How are PCA graphs generated?

The first step in these analyses is to quantify texts, i.e. convert words to numbers. This is done by putting together a Most-Frequent Word list and by calculating the frequency with which each word appears in the texts. These values are then put into a matrix. For example: let the word “the”, being the most common word in English language, be row 1. In addition, let’s say it appears in three short stories with a frequency of 8.0, 5.0 and 4.0. Thus, we have a matrix made of three columns (with values 8.0, 5.0, and 4.0) corresponding to row 1.

In order to generate these graphs, this calculation is done with all the words of all the texts. As a result, what used to be words are now transformed into matrices comprised of numbers. After generating the matrices, what follows is the generation of a matrix called “covariance matrix” (or correlative) comprised of the variance present in the previous matrices. Variance can be explained as the distance between the values in the matrix and their average.

After the covariance matrix is found, the eigenvectors are calculated.

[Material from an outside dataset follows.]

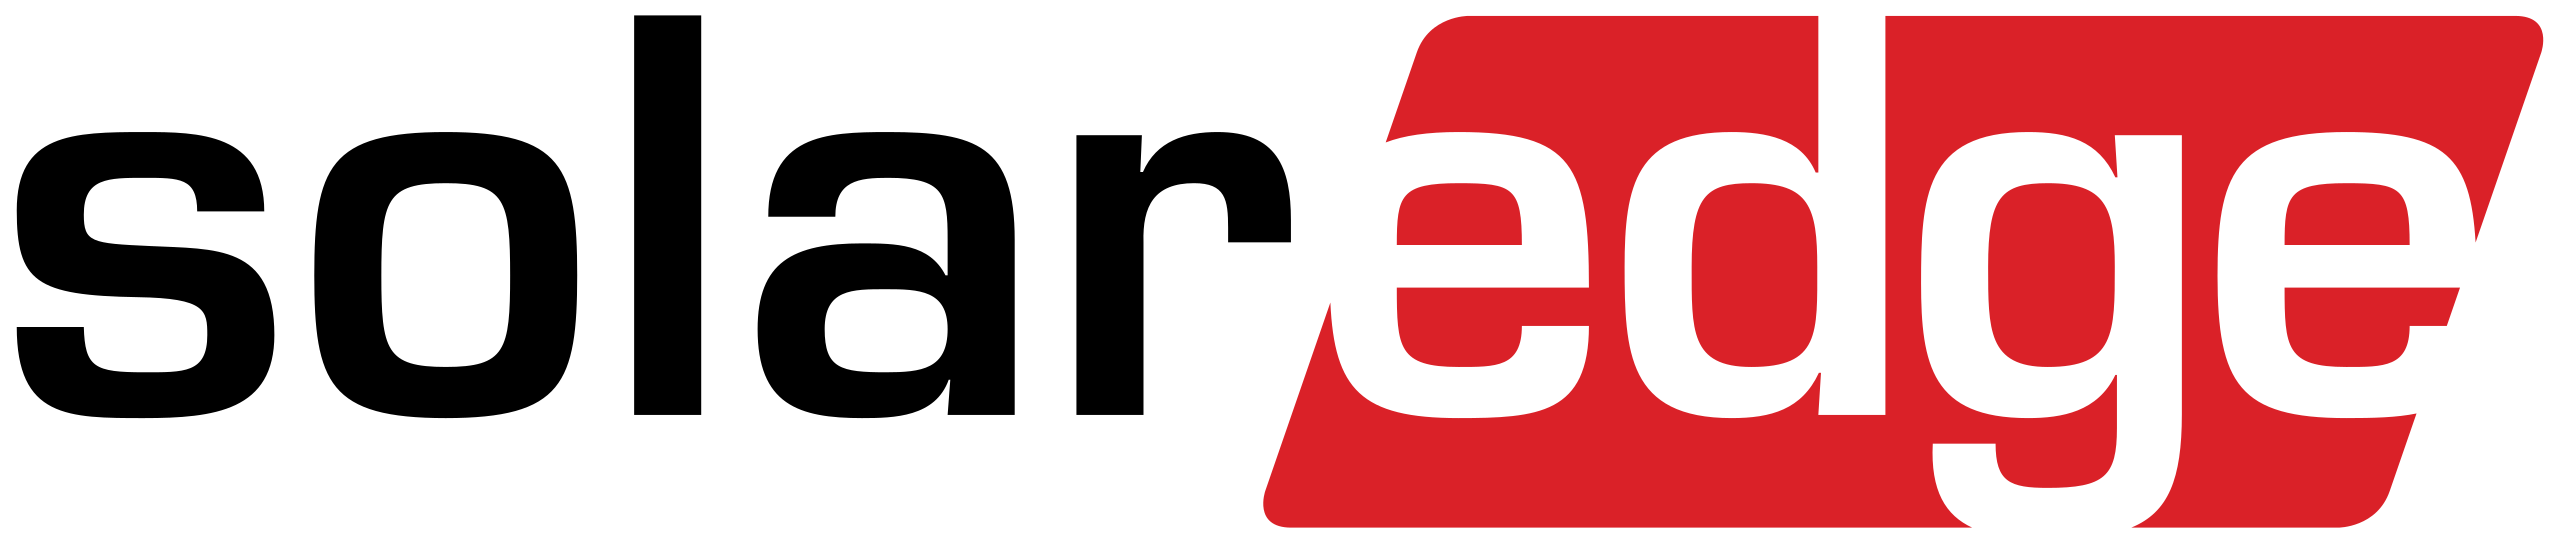 2560px-SolarEdge_logo.svg (1)
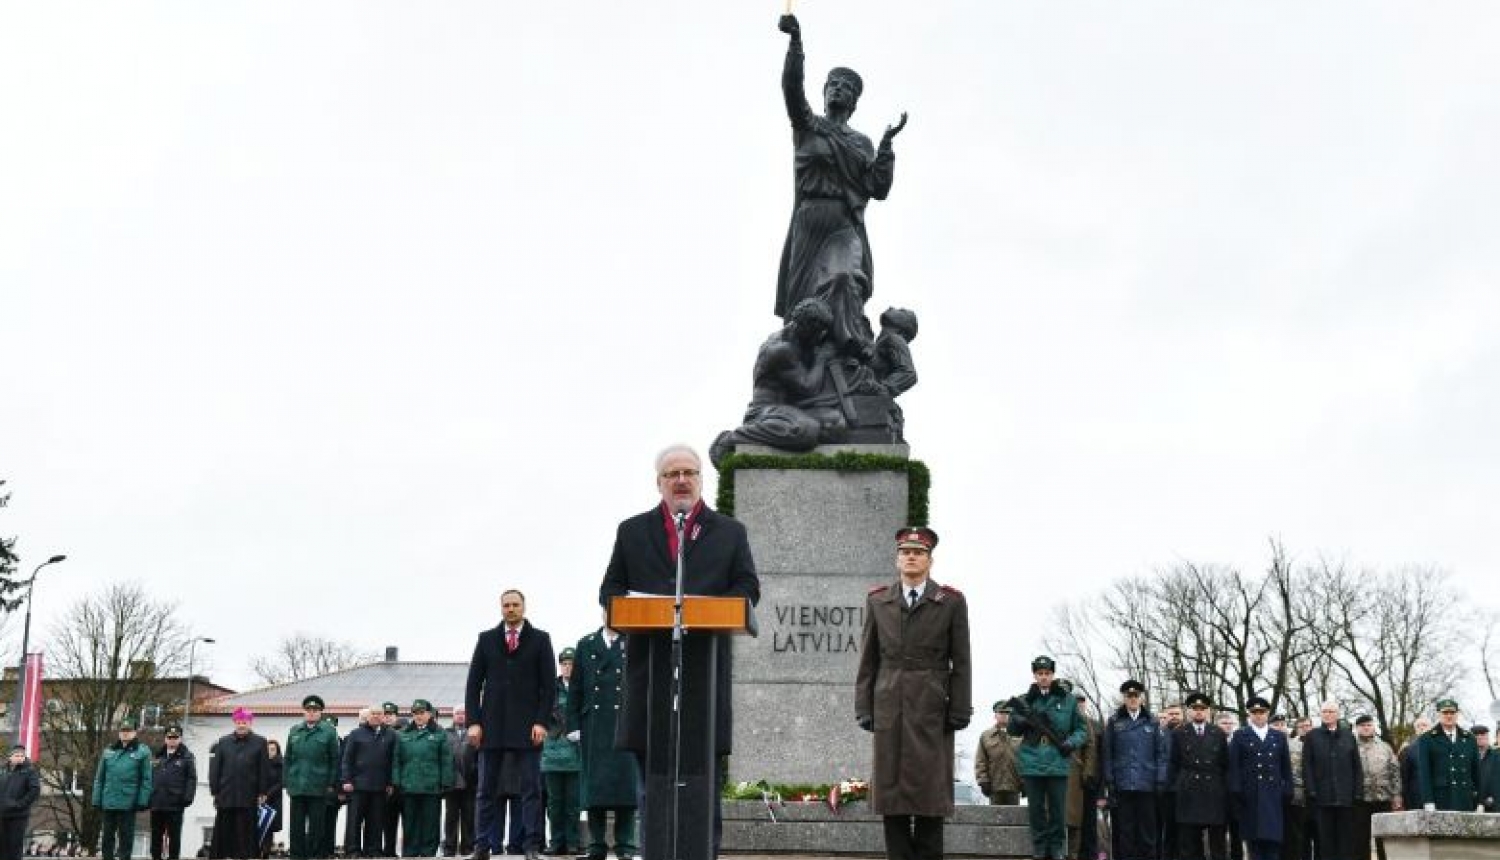 Valsts prezidenta Egila Levita uzruna Valsts robežsardzes simtgades parādē Rēzeknē, pie Latgales atbrīvošanas pieminekļa “Vienoti Latvijai”

Eigenvectors are vectors found through mathematical equations in order to show the direction of the variance. Each eigenvector has an eigenvalue, which accounts for the magnitude of the variance. The two eigenvectors of highest eigenvalue are then used as axes in which the data is projected in a two-dimensional space (two-dimensional since we only have two axes). In other words, the lower axis and the left axis you see are the eigenvectors which have been calculated. The percentage in parenthesis accounts for how much of the total variance is being projected. That way, the numeric values into which our textual samples have been transformed are projected in a graph.

More General Questions of Authorship Attribution:

Authorship attribution can be broadly defined as “the science of inferring characteristics of the author from the characteristics of documents written by that author”.1 Its aim is usually to attempt to ascribe a particular piece of writing to a certain author of a set of candidates. Authorship attribution is therefore mainly on written texts or on those features of spoken texts which are shared with written texts, such as lexical choice.

What is stylometry?

Stylometry is a near-synonymous term to authorship attribution, dominated by attempts to identify unique authorial features by quantifying texts, usually in order to attribute authorship to anonymous or disputed texts.2

“Non-traditional” authorship attribution, as opposed to traditional human expert-run methods, is also called statistically or computationally-supported authorship attribution.3 It began with Mendenhall’s pioneering study on Shakespeare’s play and was made famous by Mosteller and Wallace’s study on the disputed authorship of “The Federalist Papers”.4 The significant development in modern computers and resultant digital corpora available in the late 1990s by their great influence on information retrieval techniques, machine learning, and natural language processing.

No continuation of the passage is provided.